Al Jazeera contacted all parties involved in the Commission, informing them of the allegations of death threats and witness intimidation, and inviting them to respond to those claims.
Commission head George Muzibaziba, in response to a question about whether ICCN staff were involved in killings, mass rapes and the forced expulsion of Batwa villagers, suggested that Al Jazeera “refer yourself to the published report”.
Muzibaziba denied that park guards were trying to find and kill Flummerfelt and his Congolese researcher, saying “this is very wrong”.

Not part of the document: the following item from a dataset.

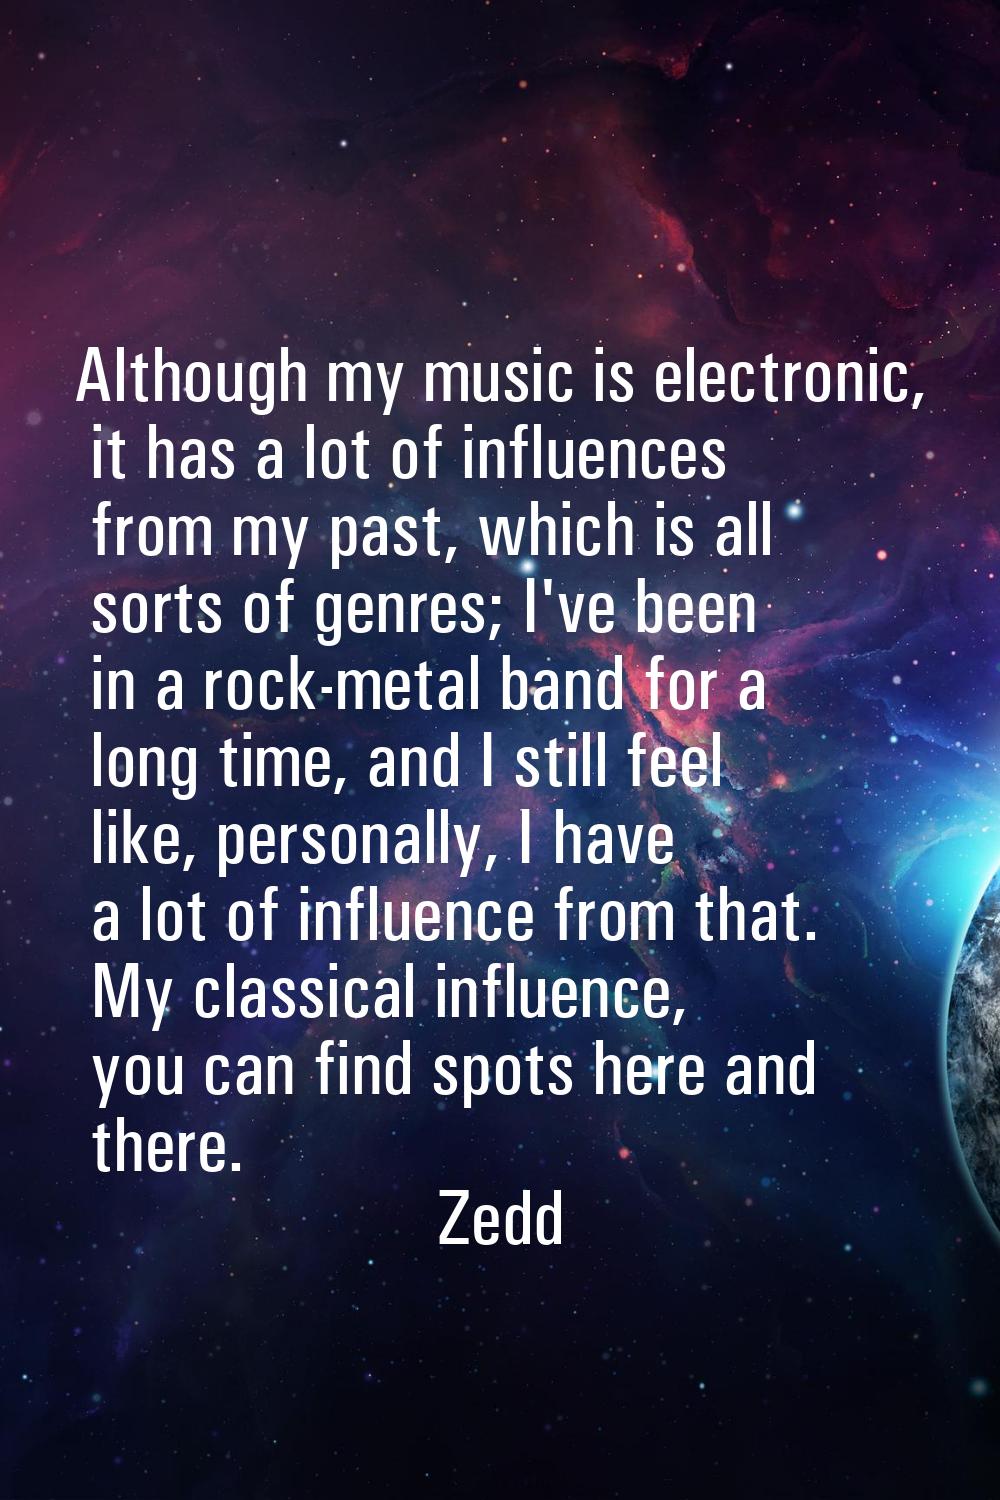 Although my music is electronic, it has a lot of influences from my past, which is all sorts of gen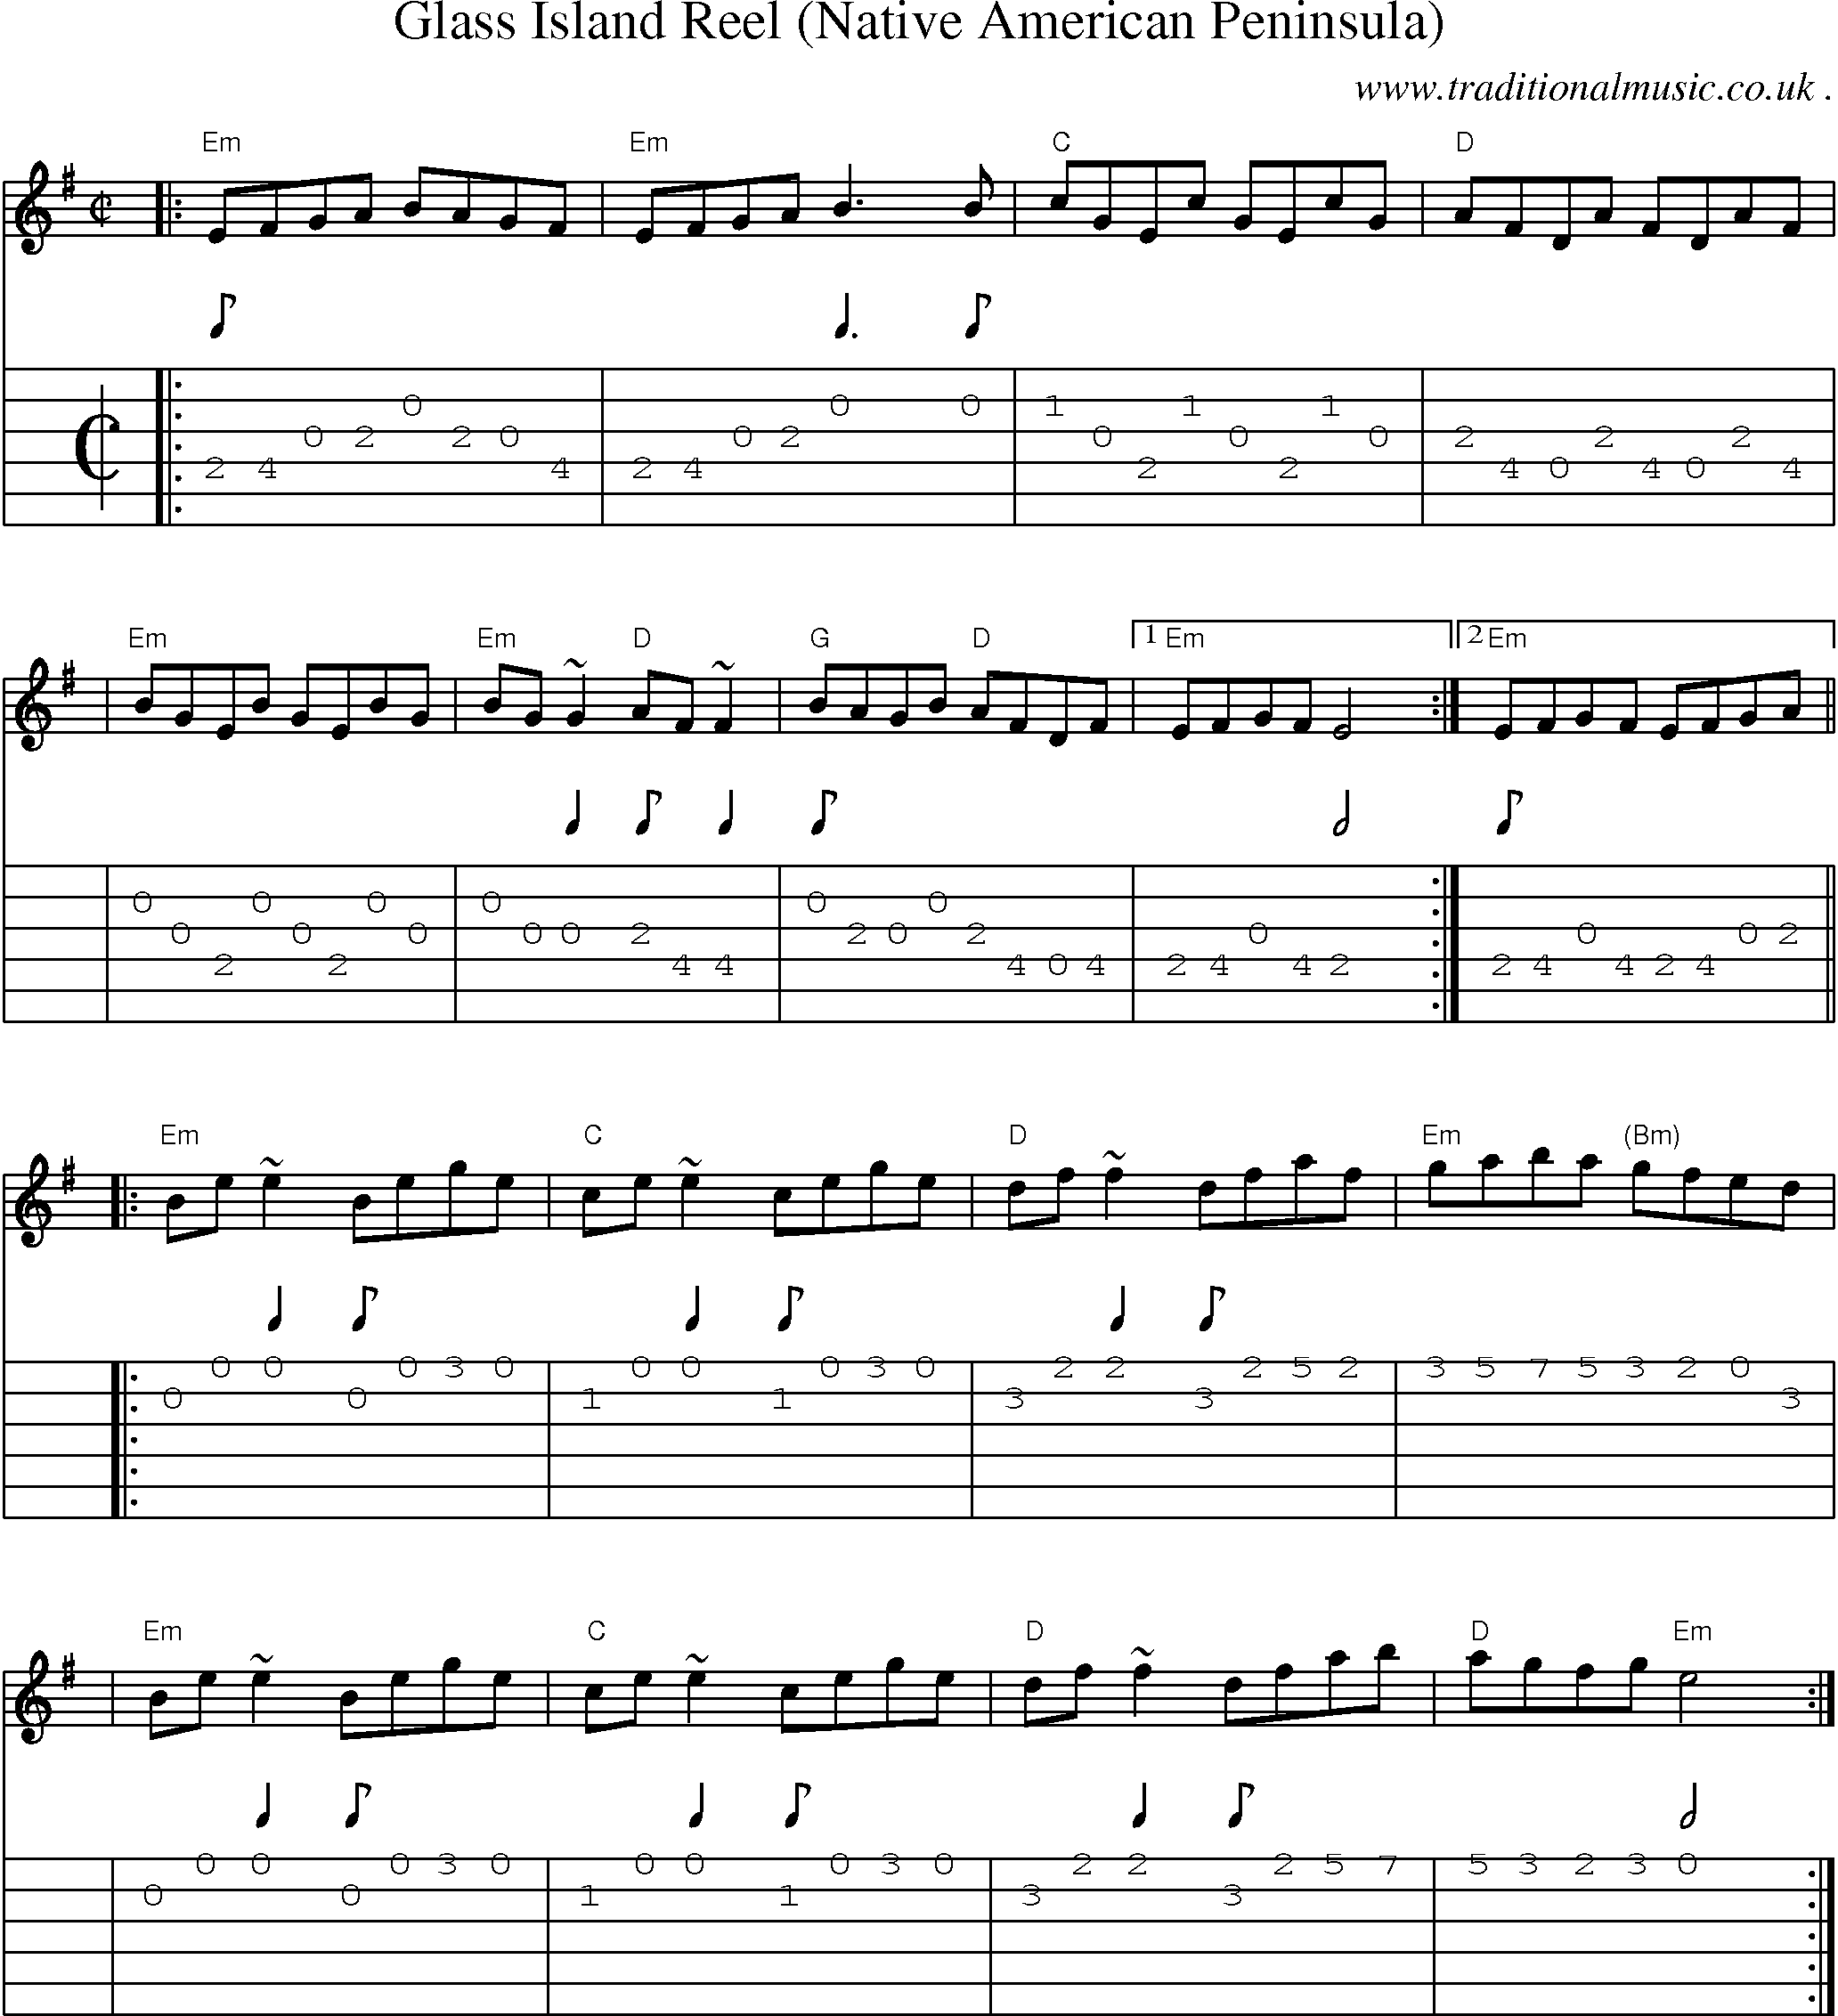 Sheet-music  score, Chords and Guitar Tabs for Glass Island Reel Native American Peninsula

Muzibaziba denied intimidating witnesses, instead accusing Flummerfelt of “false claims” and of using “highly biased” methodology. He claimed not to know who the Congolese researcher was, in spite of the existence of audio recordings of his meetings with this researcher.
Baptiste Martin acknowledged having identified “risks to the protection of sources and witnesses” which, he said, are being addressed through “confidential engagement and coordination with the concerned parties”.
A spokesman for the BMZ told Al Jazeera that they are “deeply disturbed by accounts of threats and intimidation allegedly levelled against witnesses and sources by members of the Commission”, that it “has requested the Congolese side to guarantee the safety of the members of the Commission as well as any other persons concerned” and that they “will reflect on [their] continuing support for Kahuzi-Biega”.
Former ICCN Park Director De-Dieu Bya’ombe and a UN representative for sanctions in the DRC did not respond to questions sent by Al Jazeera.
The Batwa struggle continues
The two Batwa chiefs who’d been forced to leave their villages say that, despite the violent campaign against them, they are determined to return to their ancestral lands.
“The villagers say that if they must die, they will accept death as long as it’s on the land of their ancestors,” Chief Mbuwa told Al Jazeera.
“They will never flee again, even if they attacked us ferociously. We are there and we shall remain there. We will stay there as it is our land, given to us by our ancestors.”
Chief Majafa expressed the hope that all his people will resist the attacks against them by refusing to leave.
“Even if they exterminate each and every one of us, even the last villager standing would stand up for our land in Biega, the land of our ancestors.”